There is a wealth of evidence showing that Lp-PLA2 mass and activity are predictors of CVD and stroke [3,7]. It is well-known that inflammation, atherogenesis, and more in general, cardiometabolic risk factors and cerebrovascular disease are also associated with dementia incidence [8,9,10]. This was the rationale of a few observational studies exploring the potential link between Lp-PLA2 and cognitive impairment. The reported findings were inconclusive, with some showing increased serum/plasma levels of these enzymes in patients with dementia [11,12,13,14], and others failing to disclose significant alterations [15,16,17]. In particular, it remains unclear whether Lp-PLA2 could be an early biomarker of dementia and whether it could discriminate between different forms of this syndrome. To shed light on this uncertain scenario, we assessed Lp-PLA2 activity in a large sample including patients with mild cognitive impairment (MCI), Late-Onset Alzheimer’s disease (LOAD), Vascular dementia (VAD), dementia characterized by an overlap between LOAD and VAD (AD-VAD MIXED), other less frequent types of dementia and cognitively healthy controls.

2. Materials and Methods

2.1. Subjects

Seven hundred and seventy subjects referring to the Center for Cognitive Decline and Dementia (CDCD) (University of Ferrara, Ferrara, Italy) were enrolled in the study as detailed elsewhere [18,19]. The samples included:

• One hundred sixty-six amnestic MCI patients, defined as those with a presence of either short or long-term memory impairment, with or without impairment in other single or multiple cognitive domains.
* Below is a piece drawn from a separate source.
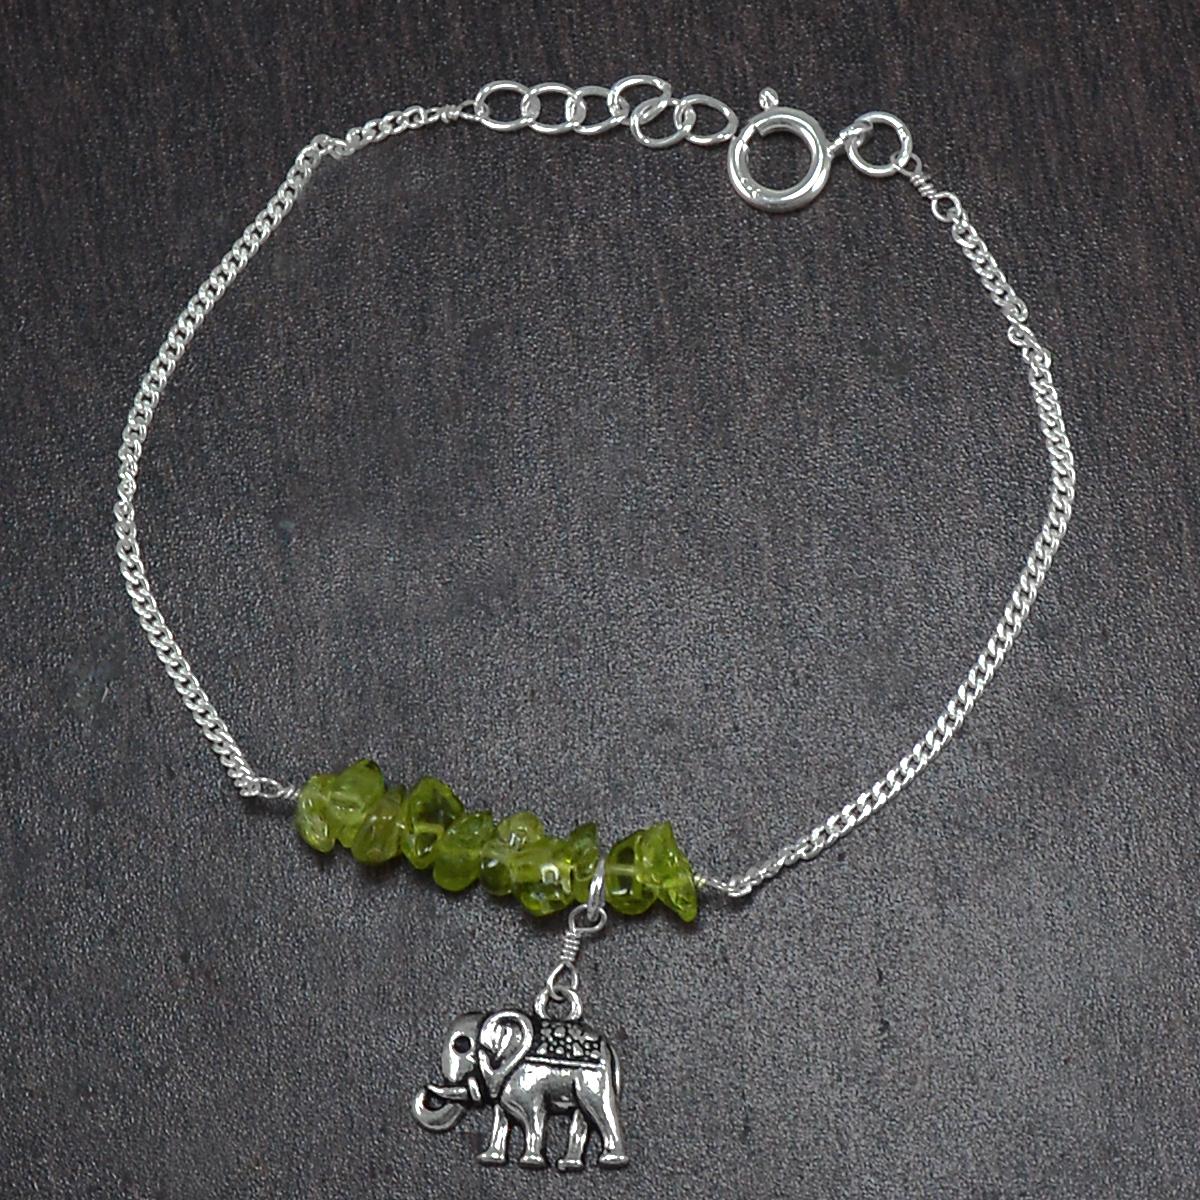 Peridot Gemstone Silver Bracelet PG-155864

Most of these individuals were affected by amnestic multi-domain MCI. The classification of these subjects is based on the absence of dementia, according to the standardized criteria for this syndrome [20]. Subjects with MCI caused by documented conditions or diseases (for example, major depression, and severe vitamin B-12 deficiency) were excluded from the study. These patients were consecutively enrolled after the first visit and MCI diagnosis at the CDCD; they underwent a regular clinical follow-up as outpatients (mean = 29 months; range = 11–156) (see major detail in [21]). The Mini-Mental State Examination (MMSE) ranged from 18 to 28 (median = 24.6/30). Seventy-eight enrolled (55%) progressed to dementia within the follow-up period.
• One hundred seventy-six patients with Late-Onset Alzheimer’s disease (LOAD), with a disease onset after the age of 65. The diagnosis was drawn according to the National Institute on Aging–Alzheimer’s Association (NIA-AA) workgroups criteria [22]. Following these well-established clinical criteria, we included only patients with “probable” LOAD, while patients with “possible” LOAD or with LOAD and cerebrovascular disease were not excluded. Mini-Mental State Examination (MMSE) ranged between 18–23 and the Clinical Dementia Rating (CDR) ranged between 1–4.
• Forty-three patients with the diagnosis of VAD according to the National Institute of Neurological Disorders and Stroke and Association Internationale pour la Recherché et l’Enseignement en Neurosciences (NINDS-AIREN) criteria for a diagnosis of probable VaD [23]. The initial diagnosis of VAD was confirmed by magnetic resonance in all cases. The subjects had an MMSE ranging between 19–23.
• One hundred thirty-six with MIXED AD-VAD; in these patients, a definite diagnosis of LOAD or VAD was not possible since they presented both the characteristics of VAD (e.g., significant vascular disease, focal neurological signs) and LOAD (e.g., memory impairment, type of progression). MMSE ranged between 16–23; CDR ranged between 1–2.
• Forty-five patients with other forms of dementia (Dementia subtypes: Lewy Body disease/Parkinson’s dementia, frontotemporal dementia, condition related to psychiatric conditions, neoplasm/metastasis, hydrocephalus, Fahr’s syndrome, alcohol-related, not defined). MMSE ranged between 18–25; CDR ranged between 1–2.
• One hundred fifty-one cognitively healthy subjects (Controls). Subjects enrolled in this group complained of no memory problems and did not present symptoms of cognitive impairment or any related functional disabilities. MMSE ranged between 26–30.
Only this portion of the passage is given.